How to help my little air conditioner cool the room
March 22, 2024 12:32 PM   Subscribe

My room has an old thru-the-wall air conditioner like this model. The landlord mounted it in a wall hole that's a foot above the floor. The A/C blows cool air which hovers near the floor, and the majority of the room is still hot. What can I do to use the A/C more effectively?

When I turn on the A/C, I feel cool air coming out. Because the landlord mounted the A/C in a wall hole close to the ground, the cool air hovers in the ankle/shin area. My bed is a few feet away from the A/C. There ends up being a little pocket of cold air between the bed and A/C, low to the ground. That cold air isn't getting distributed to the rest of the room.

The landlord won't allow a new hole in the wall, so I can't relocate the air conditioner's position.

What can I do to make my A/C more effective? Here are my ideas:

1. Would it help to lower my bed as close to the ground as possible, so that a little A/C air goes over it?

2. I have a powerful fan at the foot of the bed pointed at my head, but it ends up re-circulating the warm air near my head. Is there a way I can position the fan so that it's instead funneling the cold A/C air up to my head?

3. Will getting the A/C unit serviced frequently help?

Any other suggestions? Thanks!
posted by vienna to Home & Garden (8 answers total) 1 user marked this as a favorite
 
Best answer: Certainly if it hasn't been serviced in the past year or two, do that.

I would put a small powerful fan on the floor underneath/in front of the unit, blowing directly up. I have used these in several air-routing situations and they've served me well.
posted by Lyn Never at 12:45 PM on March 22 [3 favorites]


Best answer: I think your fan will be the key to easily circulating the cool air, you just need to direct it so that it helps push the cool air up and around the room. Folks do a similar thing in the winter with ceiling fans so that they circulate the warm air that's trapped up near the ceiling. Lowering your bed and getting the AC serviced can help too. You might also want to think about how to direct the air coming out of the AC unit upwards as it leaves the unit.
posted by pappy at 12:45 PM on March 22


Best answer: I think it's just not strong enough to cool the room. A fan will help circulate the cool air through the room, but as it mixes with the warm air in the rest of the room it'll average out and only result in a (very) small cooling effect.

Servicing the unit will help increase its power and overall effectiveness (you'll still need the fan to mix its cold air with the rest of the room).

Another option to help is put in a window fan to exhaust the hot air in the room so there's less warmth for the AC to overcome.
posted by jpeacock at 1:23 PM on March 22 [2 favorites]

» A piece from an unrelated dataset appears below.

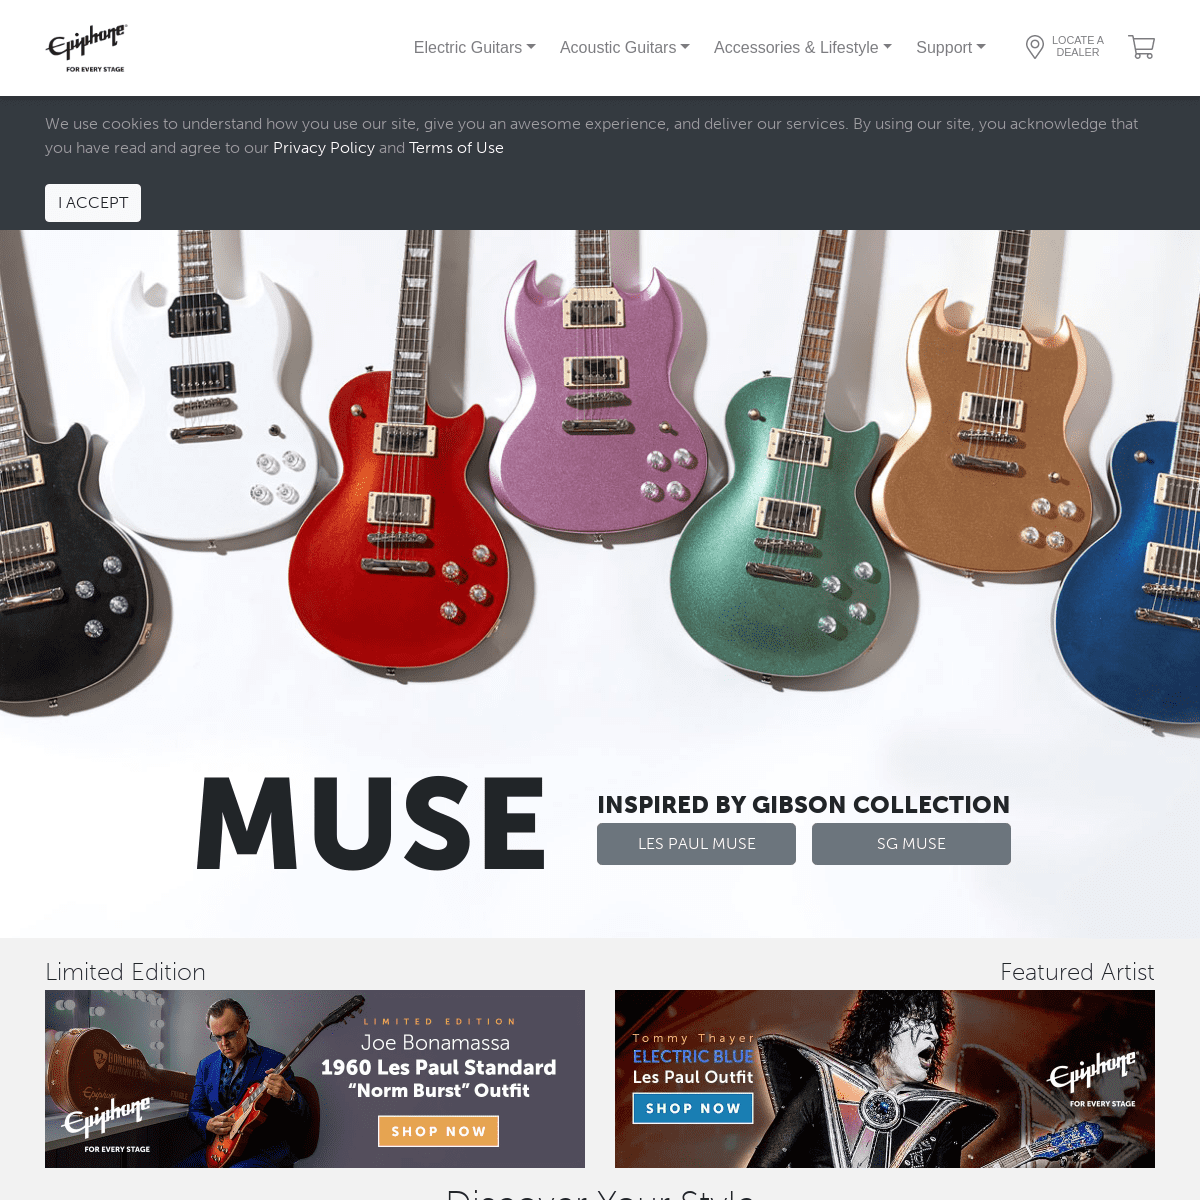 A complete backup of epiphone.com

Before you do anything else I would get some big cardboard sheets or boxes and refashion them into a big snorkel or duct, using packing tape or duct tape to seal all edges. It should be shaped to direct air that flows out of the unit up, and then out toward your bed. Make the bottom end so it fits snugly over the face of the unit, but can be removed to turn it on and off. You can even put a little foam rubber around that edge to that nearly all the air from the unit flows through the snorkel. This has the same effect as lowering your bed but will be more comfortable, and more efficient than any kind of fan redirecting the cold air (except if you put a fan inside the snorkel, that could help). The snorkel should have the same cross section from bottom to top so air flows well. Ideally, at the two 90 degree turns, build a curved surface like this.
posted by beagle at 2:04 PM on March 22 [1 favorite]


I want to second jpeacock's suggestion to put in a window fan to exhaust the hot air in the room to the outside. Not only will this expel some of the heat, it will also draw the cool air upwards, and in conjunction with your fan, help with the mixing of the air. Something like this, pulling the air out, rather than drawing it in (I have know experience of this specific one, I'm just using it to illustrate).
posted by OrangeDisk at 2:06 PM on March 22 [2 favorites]


If you have some money to throw at this/if you'll be there awhile/if you pay your own electric bill:

Do you have a window you could put a newer window a/c into? Or if the existing unit is pretty old, can you just replace the through-the-wall one? Bedroom-sized a/c units aren't super expensive.

I've lived in a house where the central heating and air conditioning system only had ducts in the floor and the system was still able to cool the house, so it seems possible that your a/c just isn't powerful enough or working well.
posted by needs more cowbell at 3:25 PM on March 22


Best answer: A hassock fan might help. They're essentially a footstool with a fan inside, and the fan spins parallel to the floor like a ceiling fan. So they move air upwards. I don't know if anyone makes new ones, I have a vintage one and love it.
posted by sepviva at 5:25 PM on March 22 [2 favorites]


vienna, the a/c example in your link is a window unit — can you clarify the model in your room? "Through-the-Wall units and Window units are not necessarily interchangeable—even if they’re the same size. This is due to the difference in venting. However, there are Window ACs that can be installed through a wall, and are designed with slide-out chassis for this purpose." Your in-wall air conditioner was installed too low; additional landlord miscalculations would influence suggestions.